You can buy the full Africa energy outlook, but I suggest you check out the key takeaways first.
Wind Outlook
+ Offshore wind to become a $1 trillion industry – IEA
The Offshore Wind Outlook 2019 is an excerpt from the IEA’s World Energy Outlook 2019.
The IEA finds that global offshore wind capacity may increase 15-fold and attract around $1 trillion of cumulative investment by 2040. This is driven by falling costs, supportive government policies and some remarkable technological progress, such as larger turbines and floating foundations. That’s just the start – the IEA report finds that offshore wind technology has the potential to grow far more strongly with stepped-up support from policy makers (IEA).

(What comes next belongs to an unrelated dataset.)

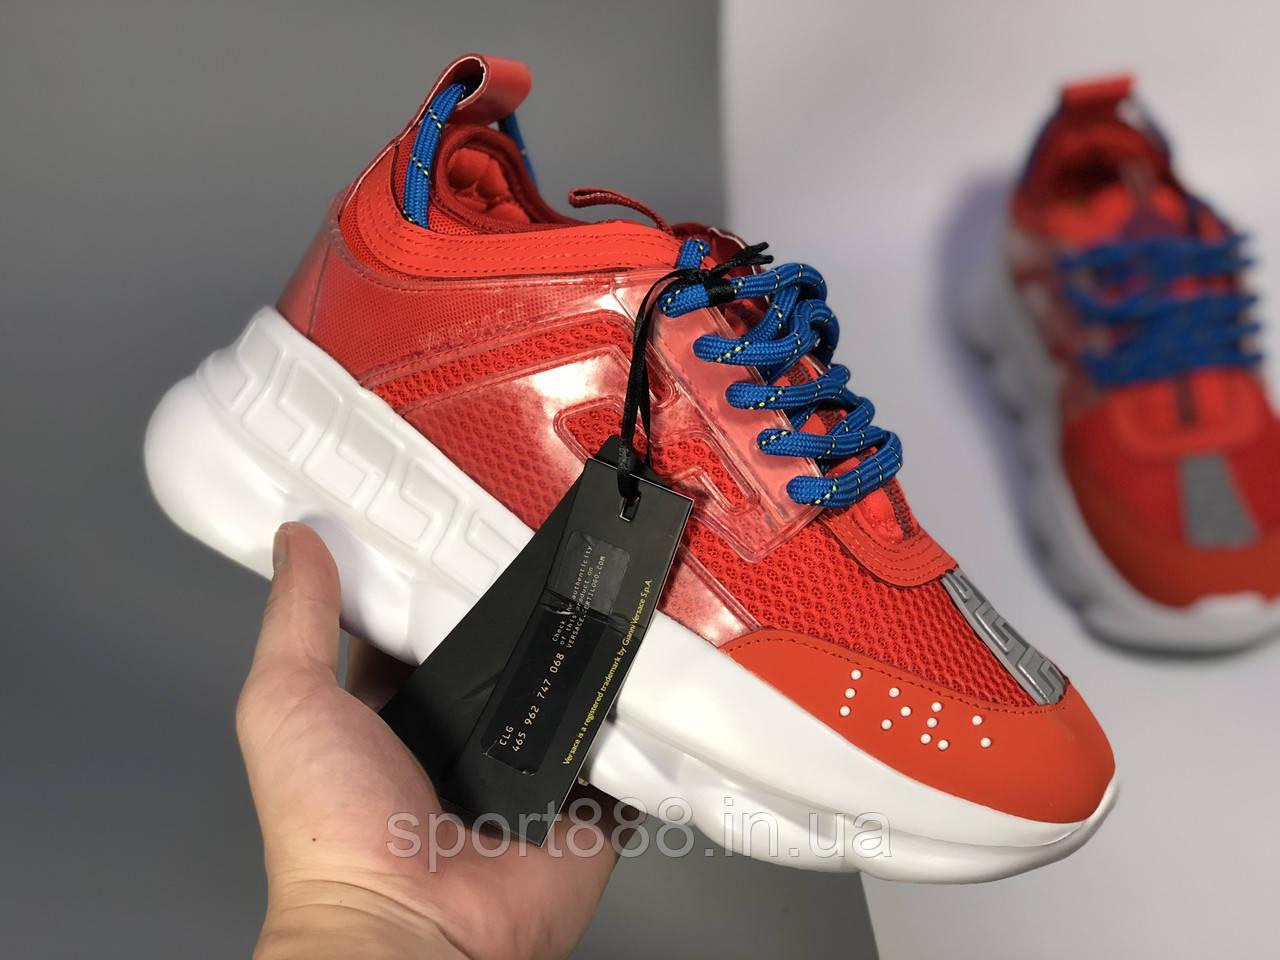 Versace Chain Reaction мужские и женские кроссовки  продажа, цена в ... ebbdbe909f2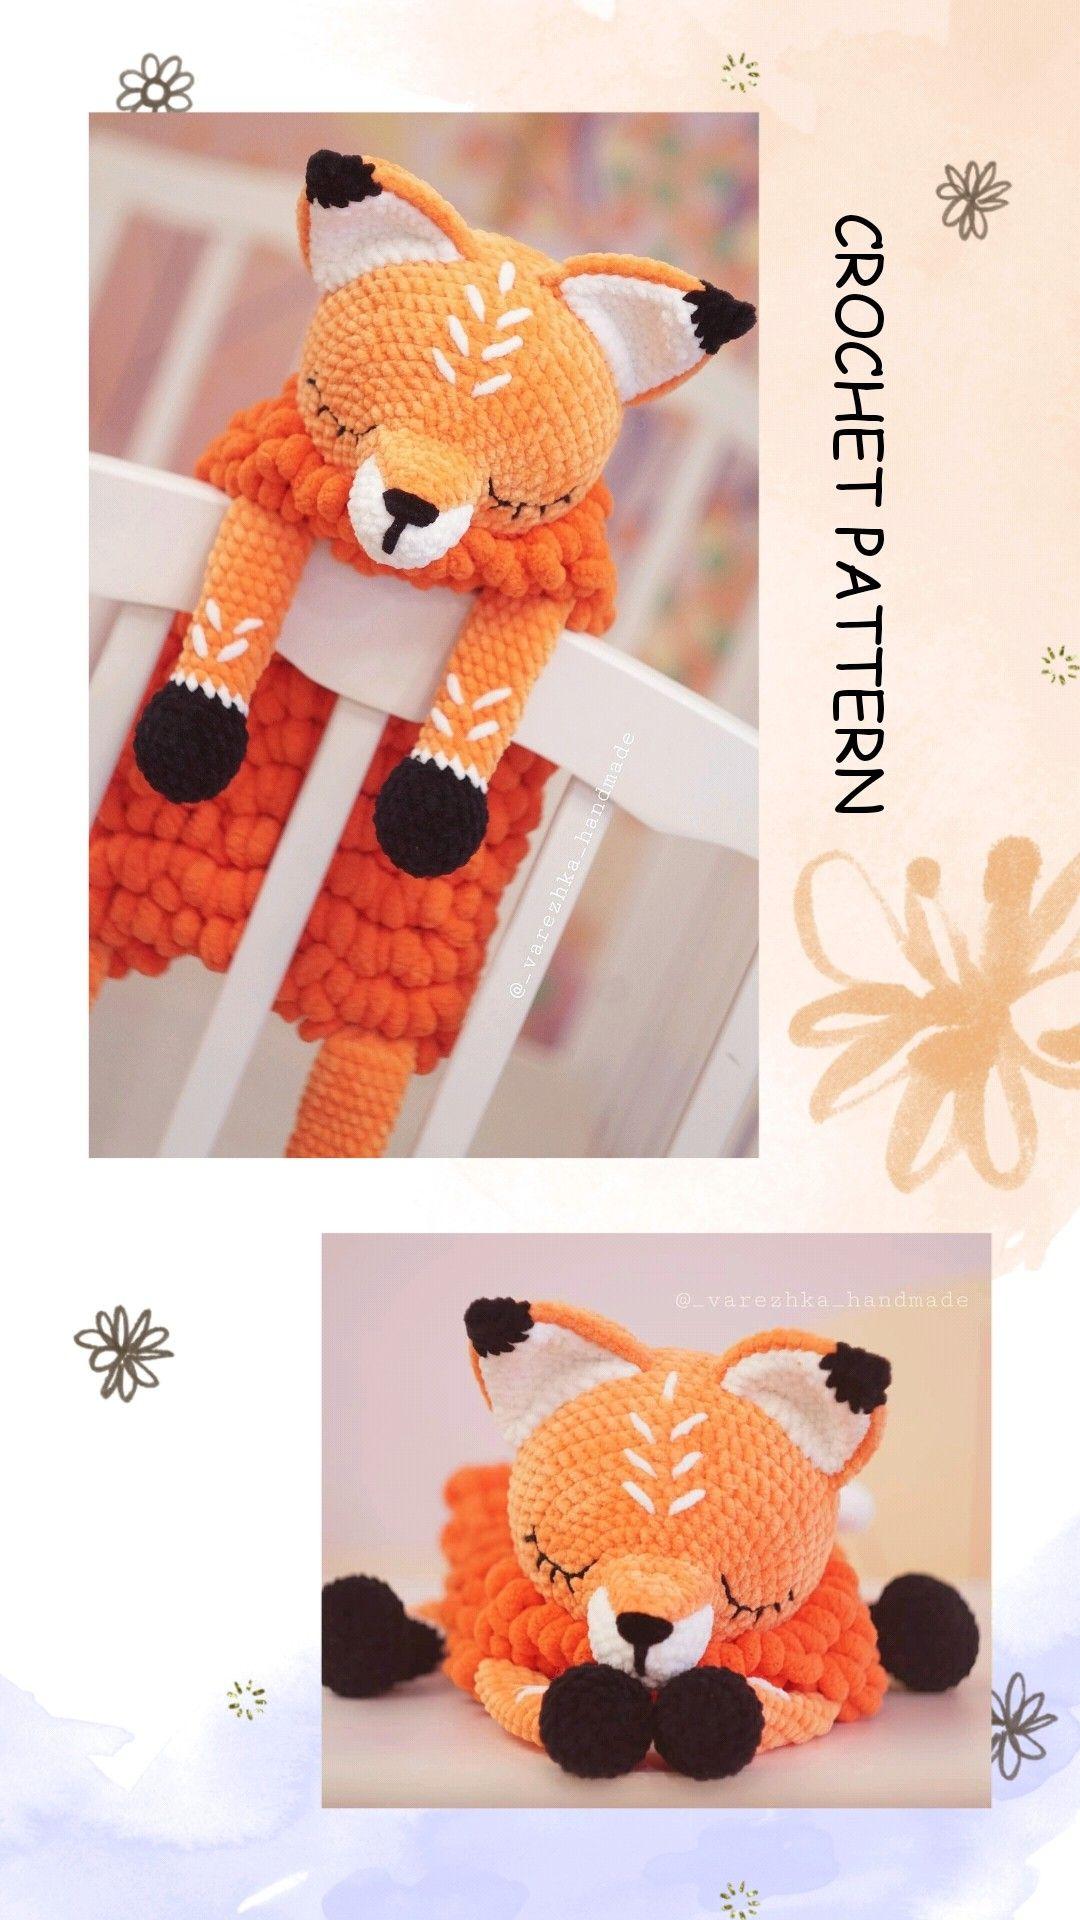 Crochet Fox PATTERN, Amigurumi animals tutorial BIG Softy Fox pattern, Lovey stuffed fox CROCHET

“Today, offshore wind capacity in the European Union stands at almost 20 gigawatts. Under current policy settings, that is set to rise to nearly 130 gigawatts by 2040.”
“China is also set to play a major role in offshore wind’s long-term growth, driven by efforts to reduce air pollution.”
“By around 2025, China is likely to have the largest offshore wind fleet of any country, overtaking the United Kingdom. China’s offshore wind capacity is set to rise from 4 gigawatts today to 110 gigawatts by 2040. Policies designed to meet global sustainable energy goals could push that even higher to above 170 gigawatts.”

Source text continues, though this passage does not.